> REQUIRED WORK: With the pictures omitted, write out all of the listing exactly.

Segment Start: DATA EXCERPT

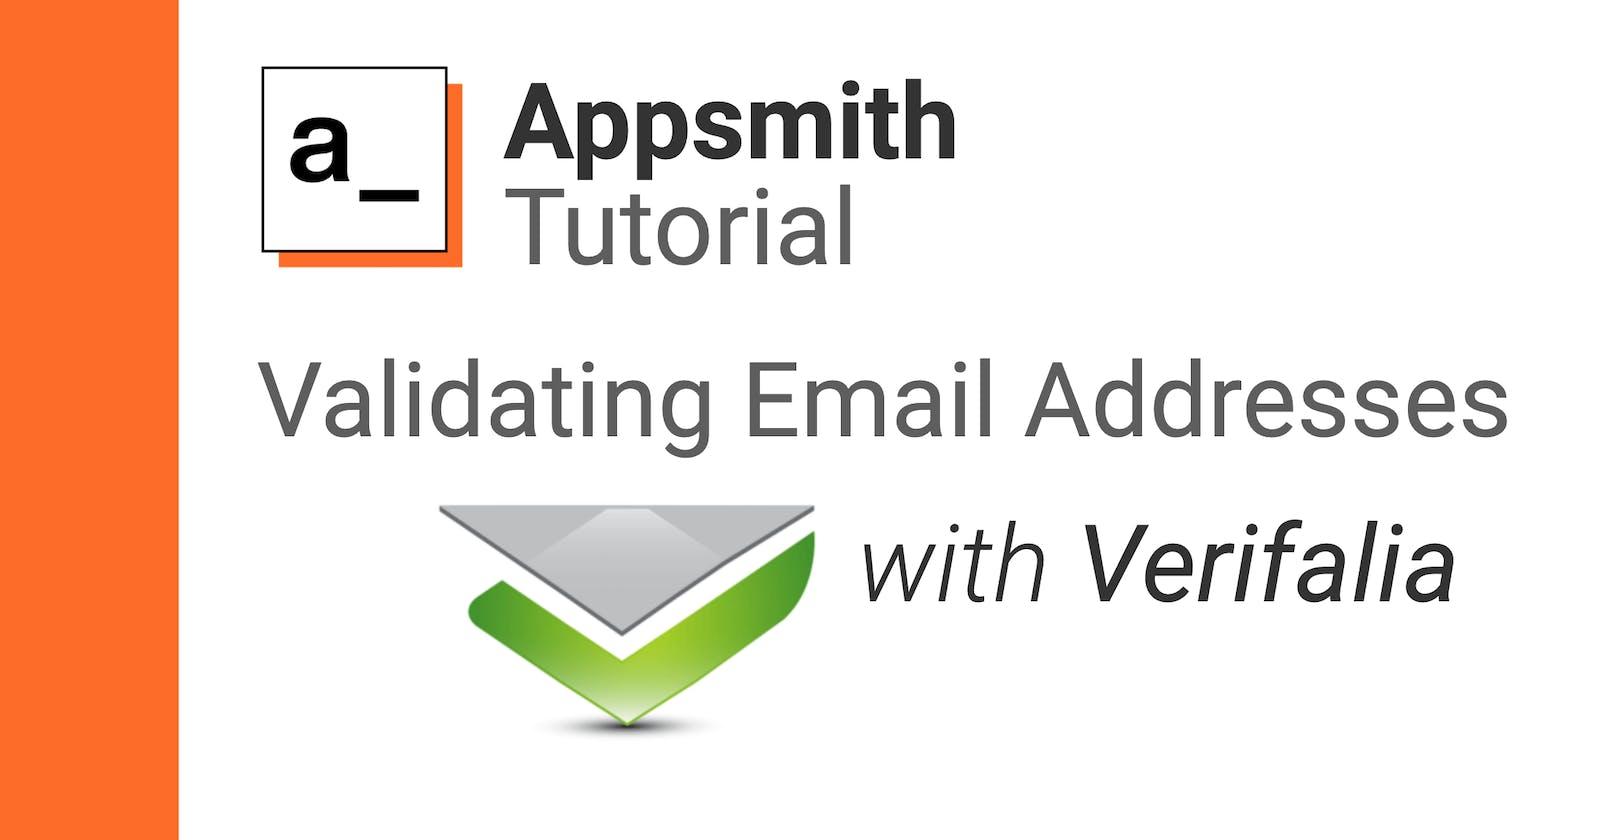 Validating Emails with Appsmith & the Verifalia API
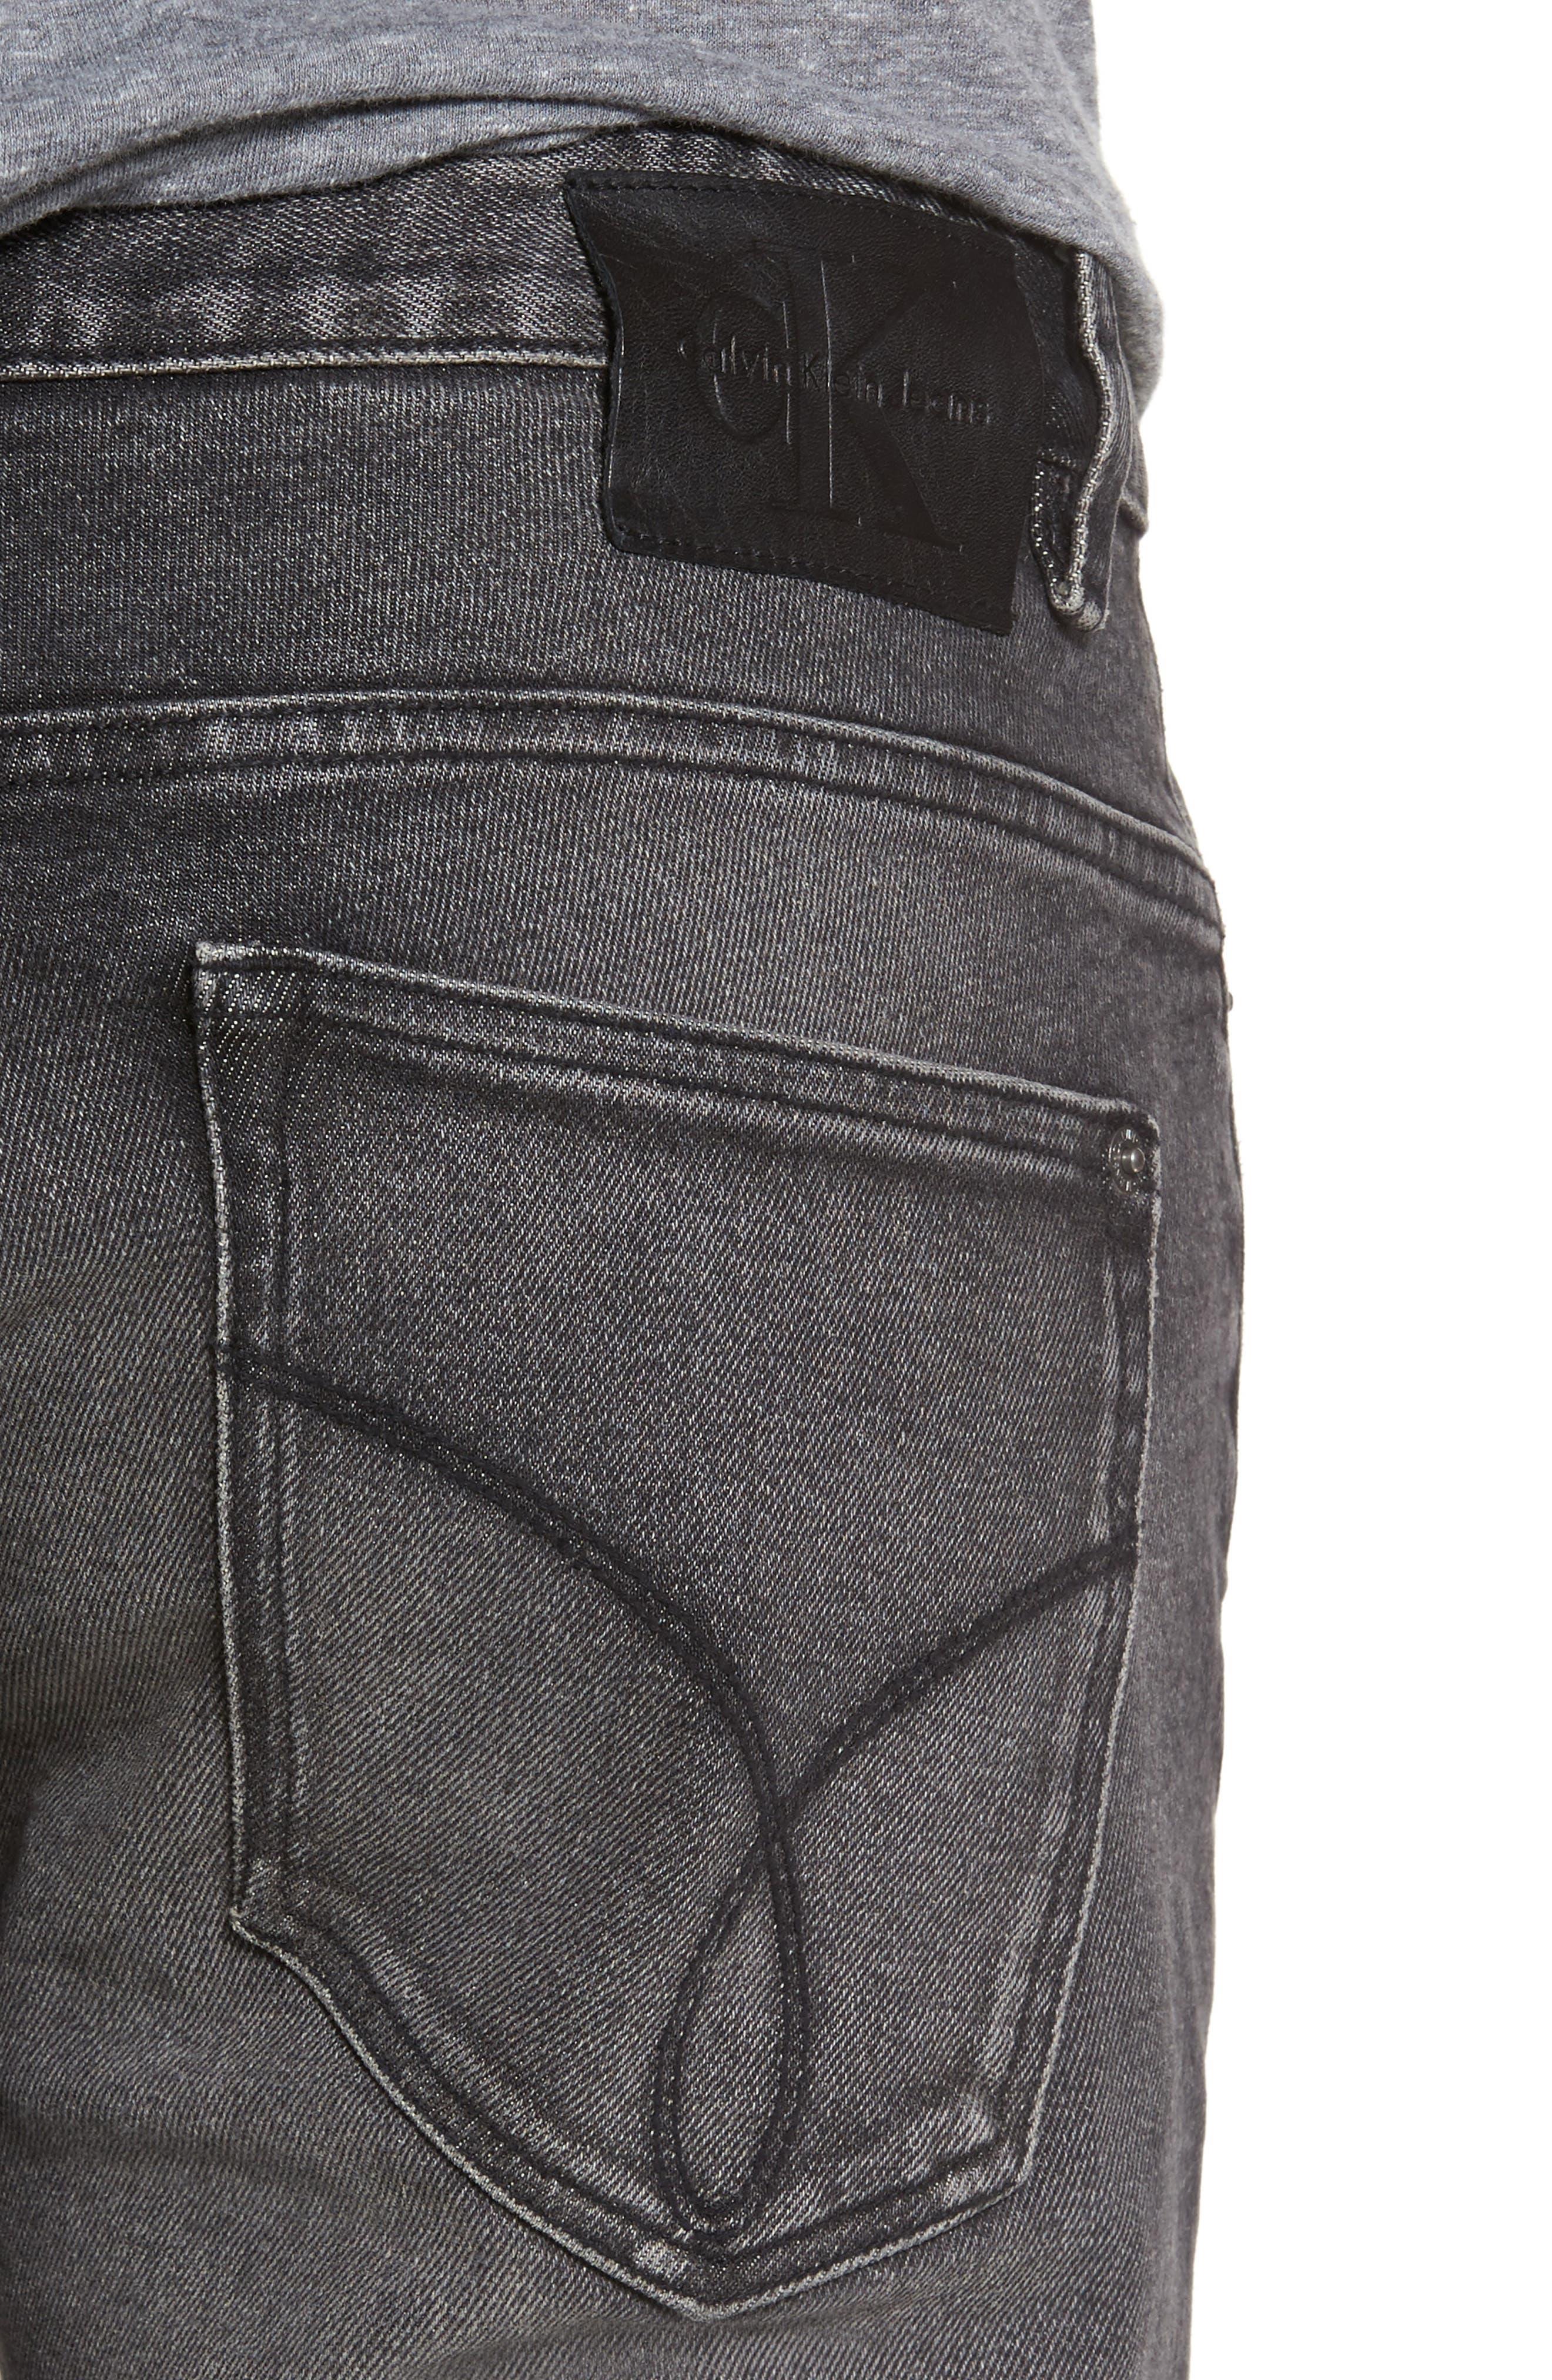 Skinny Jeans,                             Alternate thumbnail 4, color,                             Dark Stone
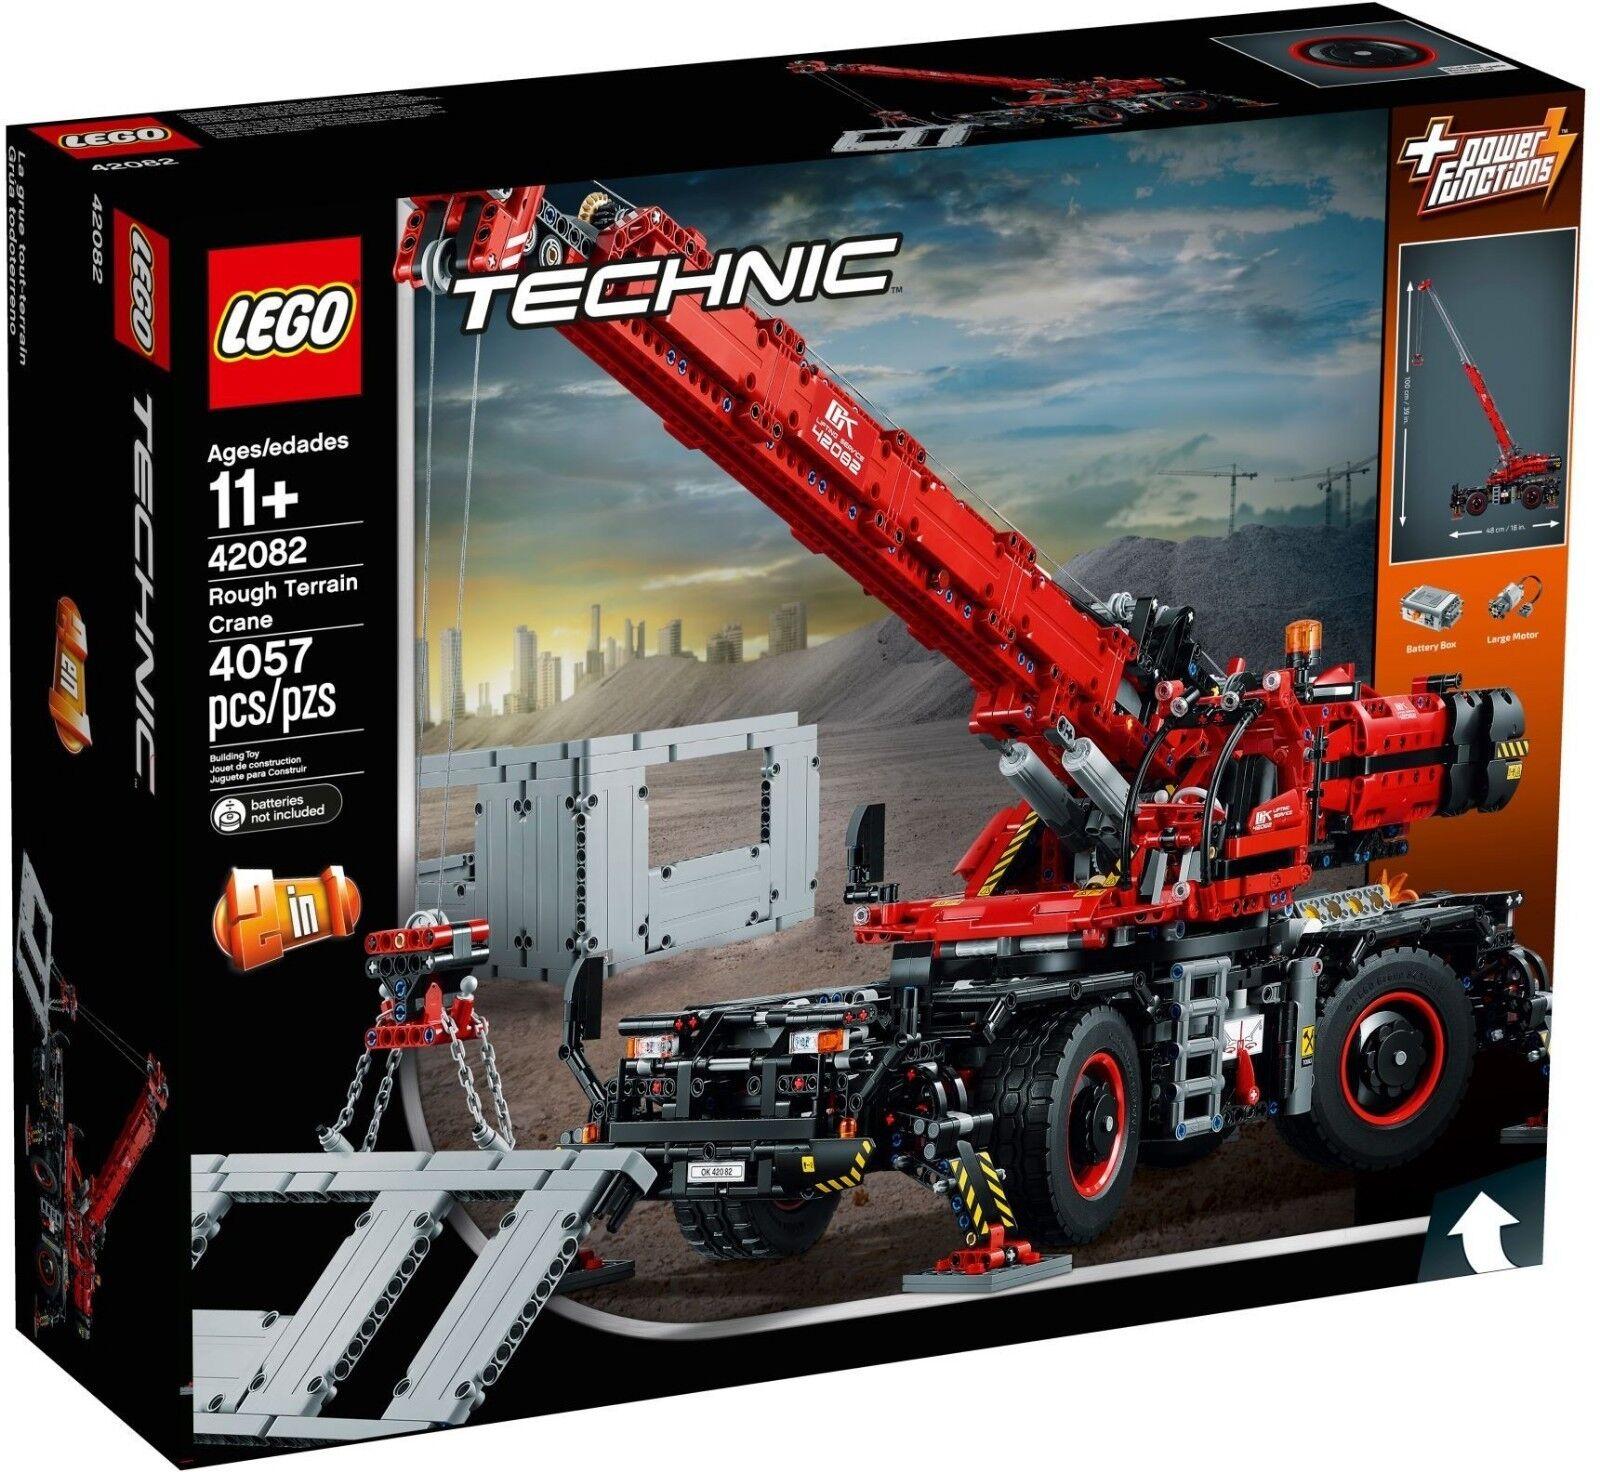 Lego Technic Technic Technic - 42082 - La grue tout-terrain - NEUF et Scellé eb8ddf

Segment End: DATA EXCERPT

> RESULT:
 Validating Emails with Appsmith & the Verifalia API
 Skinny Jeans,                             Alternate thumbnail 4, color,                             Dark Stone
 Lego Technic Technic Technic - 42082 - La grue tout-terrain - NEUF et Scellé eb8ddf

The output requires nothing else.